With just one month left of the season, St. Lawrence Seaway cargo shipments are expected to finish ahead of 2013 after a remarkable year of grain exports and steel imports.
According to the St. Lawrence Seaway, total cargo shipments reached 34.6 million metric tons for the period from March 25 to November 30 — up 5 percent over the same period last year. Seaway management expect the season will close ahead of last year by a similar margin.
Grain shipments (Canadian and U.S.) tallied 10.1 million metric tons, up 44 percent over 2013. The vast majority of that uplift has come from record Canadian crops, but U.S. grain to date is also up by 30 percent. Grain shipments through the Port of Toledo have been at their highest level in four years.

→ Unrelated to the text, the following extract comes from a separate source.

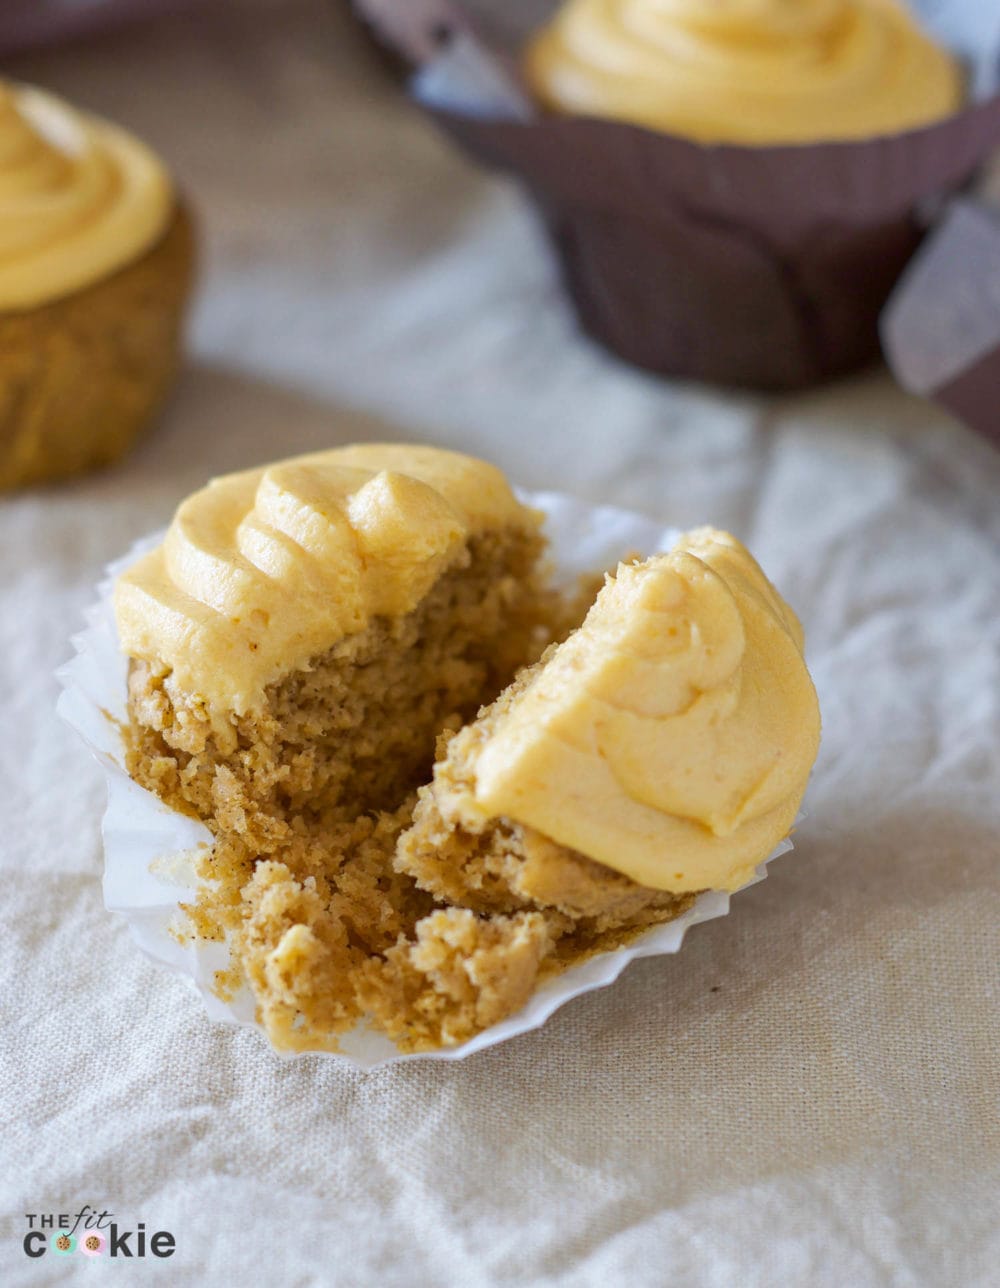 Celebrate fall with some pumpkin cupcakes! These Pumpkin Spice Cupcakes with Pumpkin Buttercream Frosting are gluten free, dairy free, vegan, and nut free. They are an easy and allergy friendly way to add pumpkin spice to your dessert menu - @TheFitCookie #glutenfree #dairyfree #vegan #pumpkin

Renewed construction activity and automotive manufacturing lifted steel shipments by 80 percent to 2.2 million metric tons this season with ports including Detroit, Toledo, Milwaukee and Cleveland all benefiting from the increase.
Weather was a factor at the Port of Oswego Authority in November.
“While there were some delays, the port continues to be on target with aluminum shipments,” said Zelko Kirincich, port executive director and CEO. “We received three shipments of aluminum on McKeil barges totaling 20,228 MT and we expect a peak in December as the season comes to a close.”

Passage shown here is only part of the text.